→ **Exercise goal**
Return exactly the run of lines that begins at the line containing "A photo of President-elect" and ends at the last line of the material below; pictures stay out.

→ **Data section**
»»

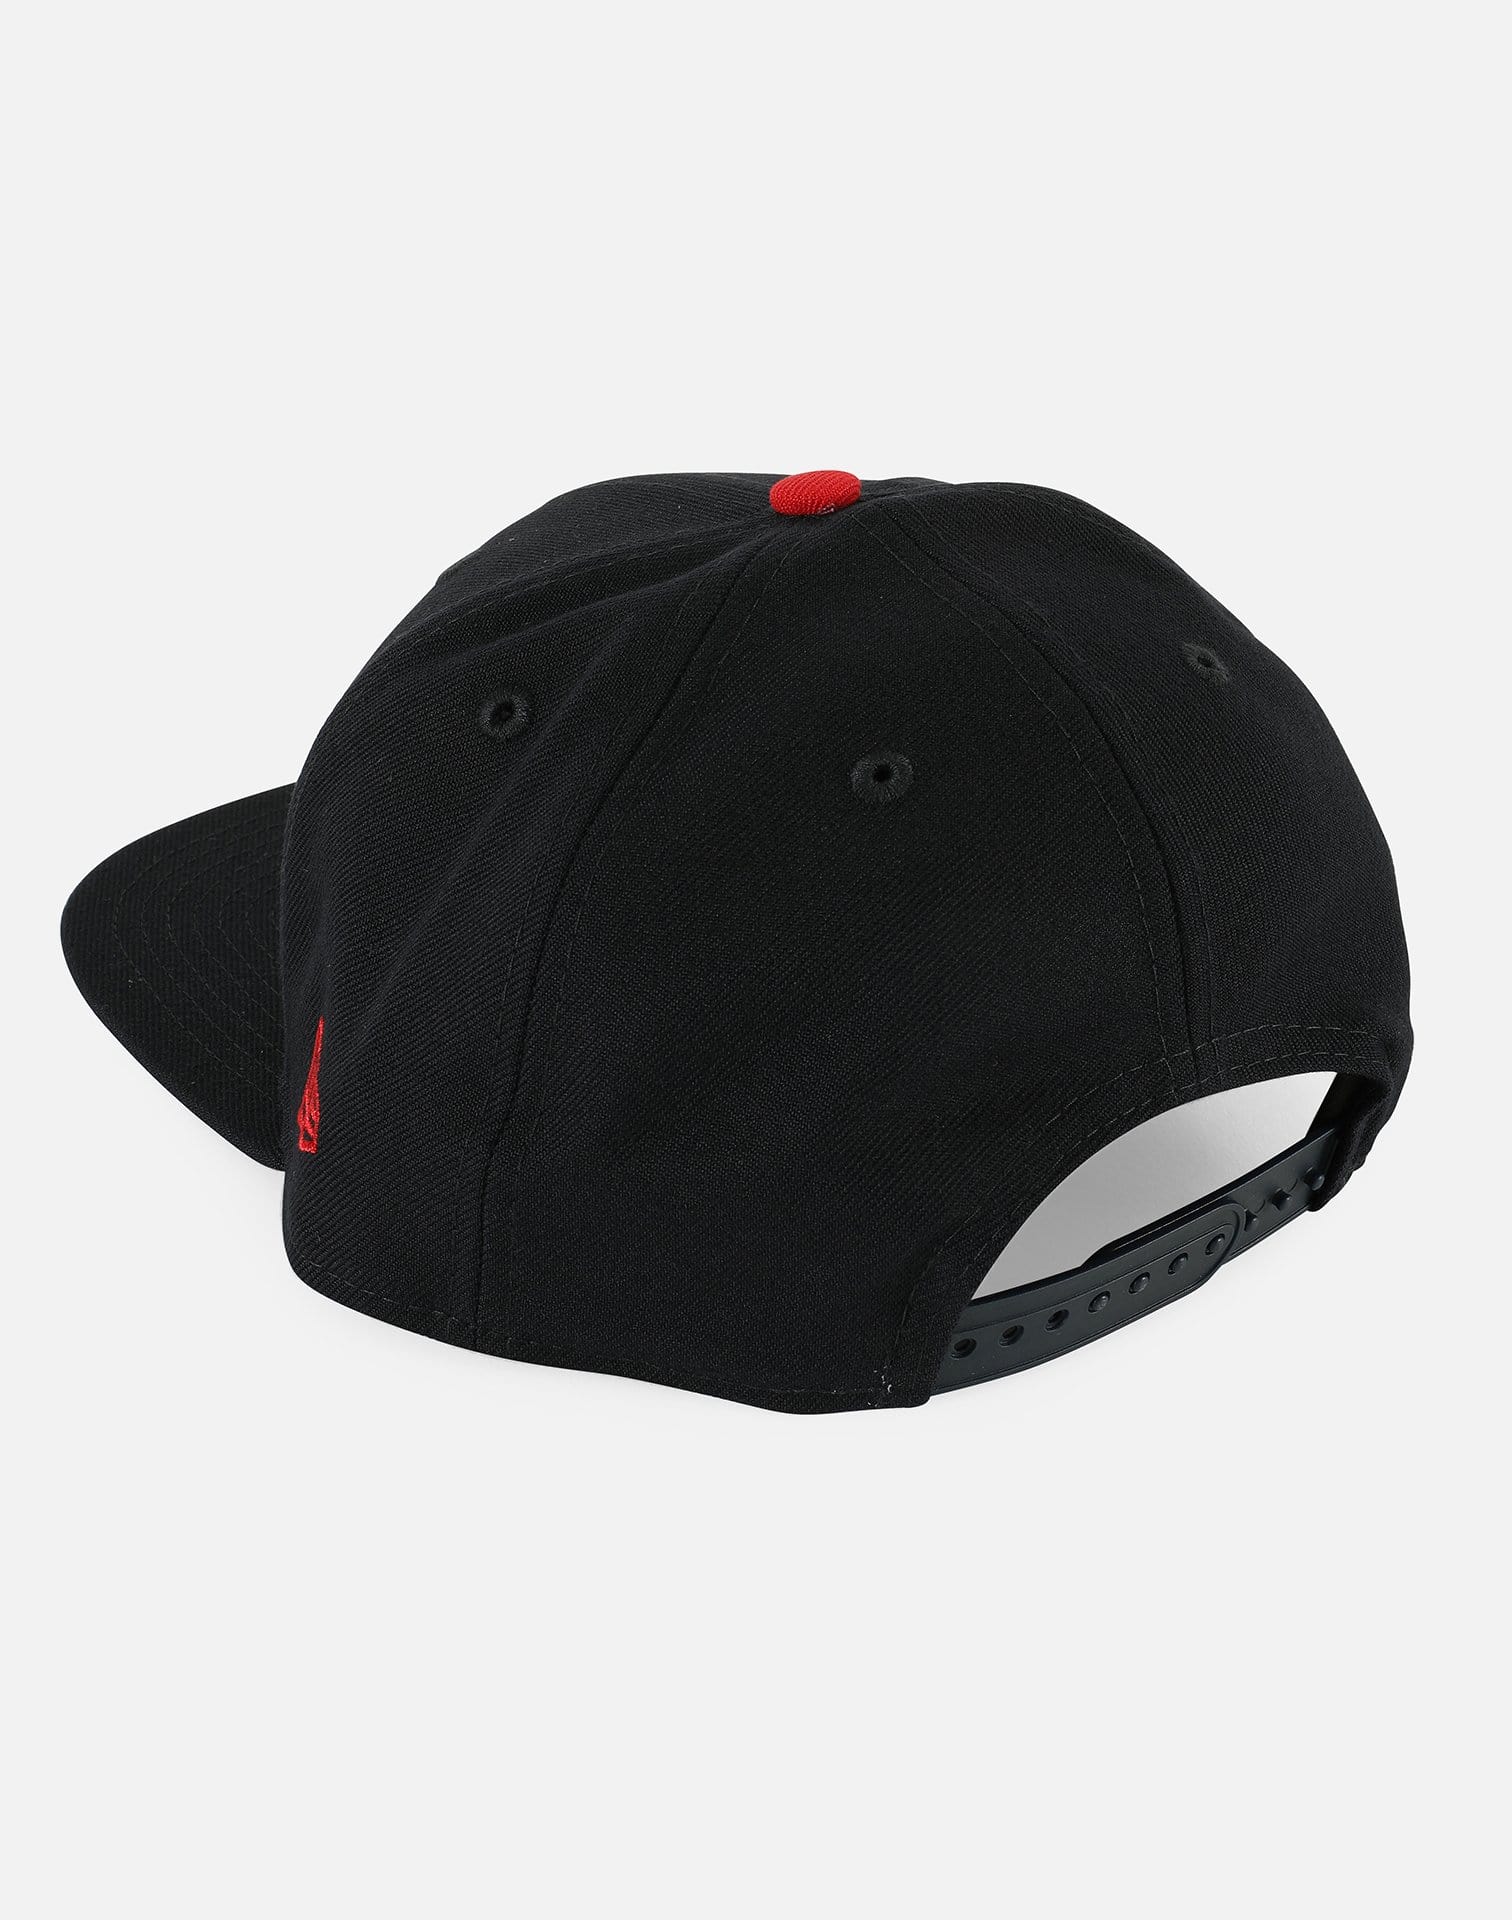 New Era NYC DTLR VILLA Exclusive 9Fifty Snapback Hat
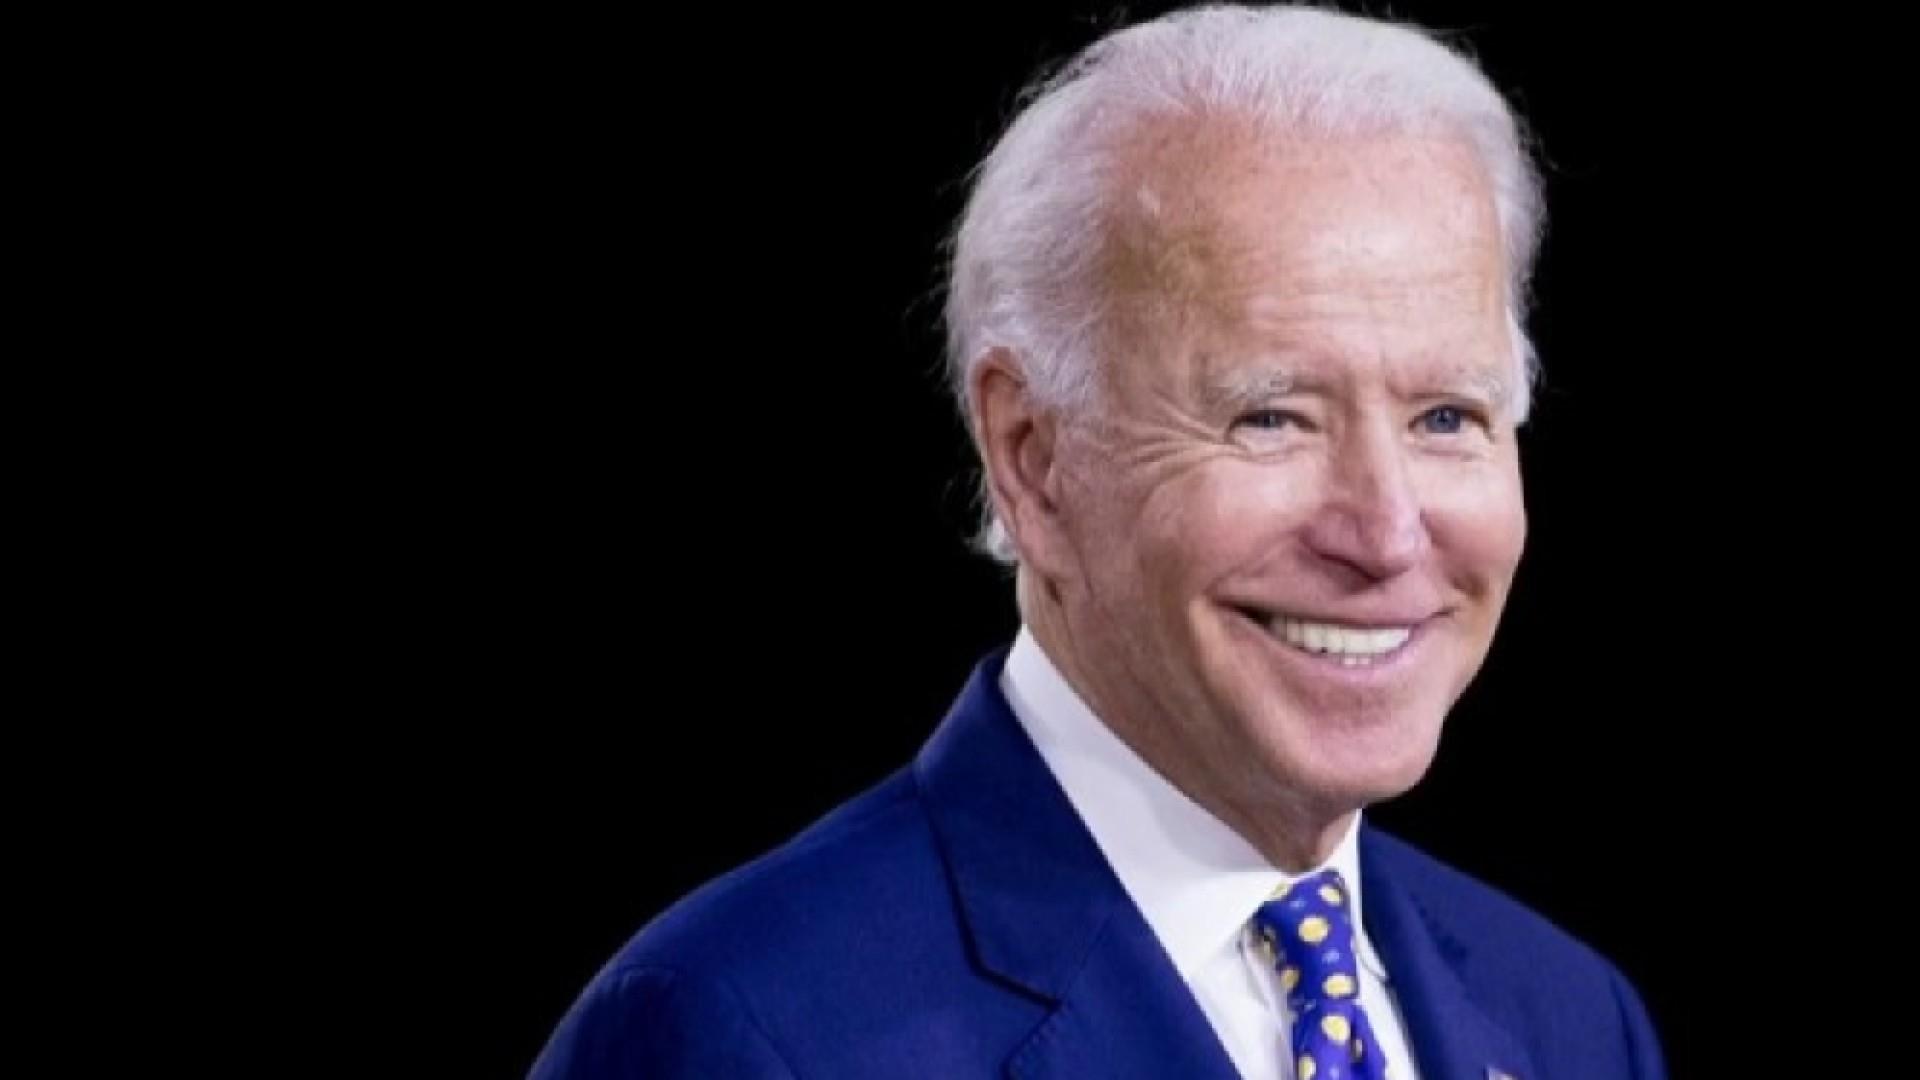 A photo of President-elect Joe Biden, smiling
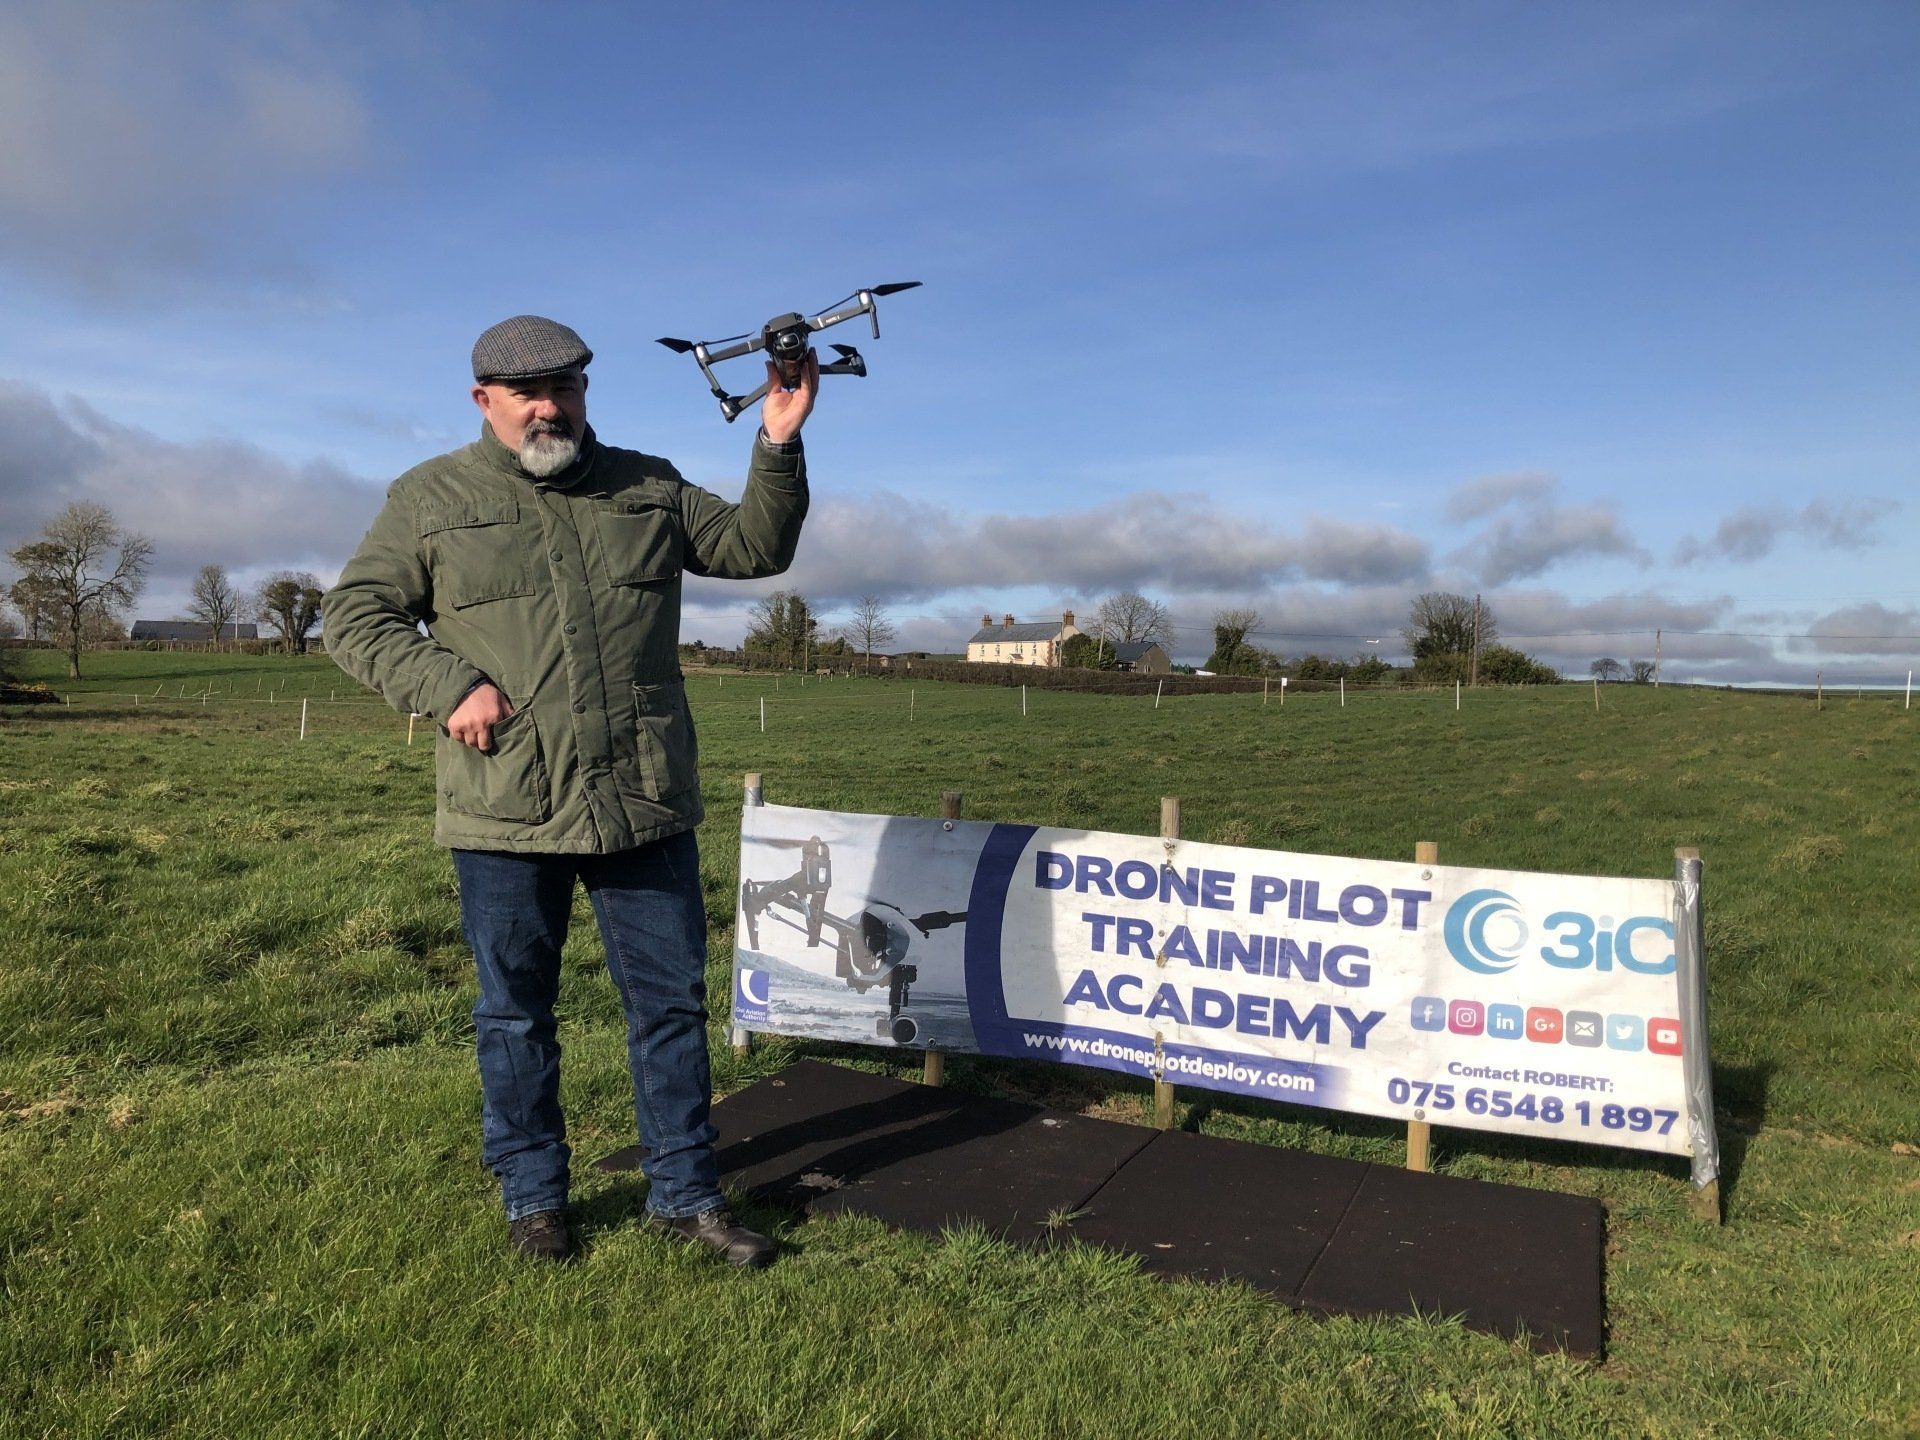 Drone Pilot Training Academy - Belfast Media Company
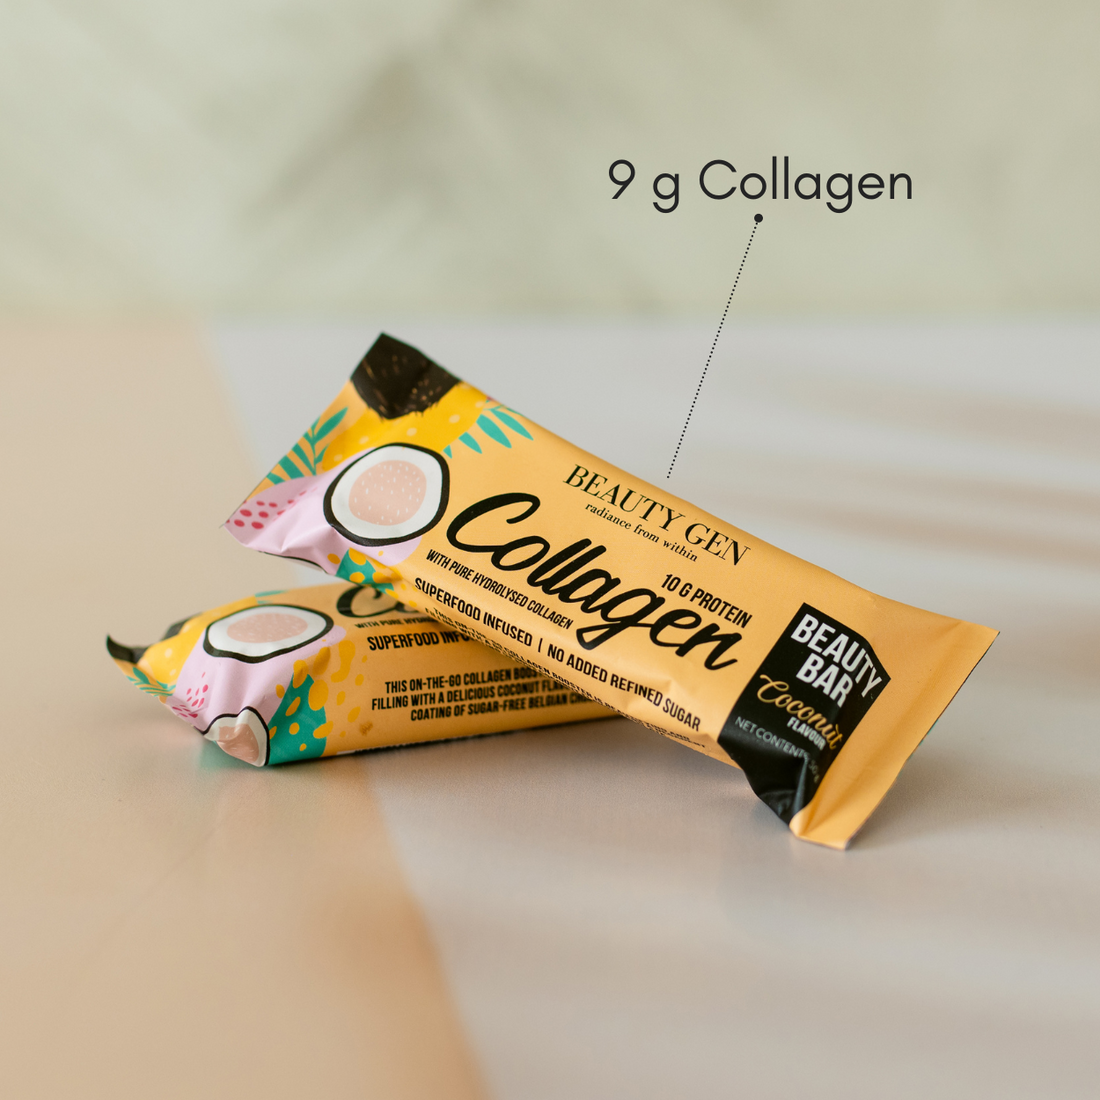 Collagen Beauty Bar Coconut - Box

««

→ **Answer to this task**
 A photo of President-elect Joe Biden, smiling
 Drone Pilot Training Academy - Belfast Media Company
 Collagen Beauty Bar Coconut - Box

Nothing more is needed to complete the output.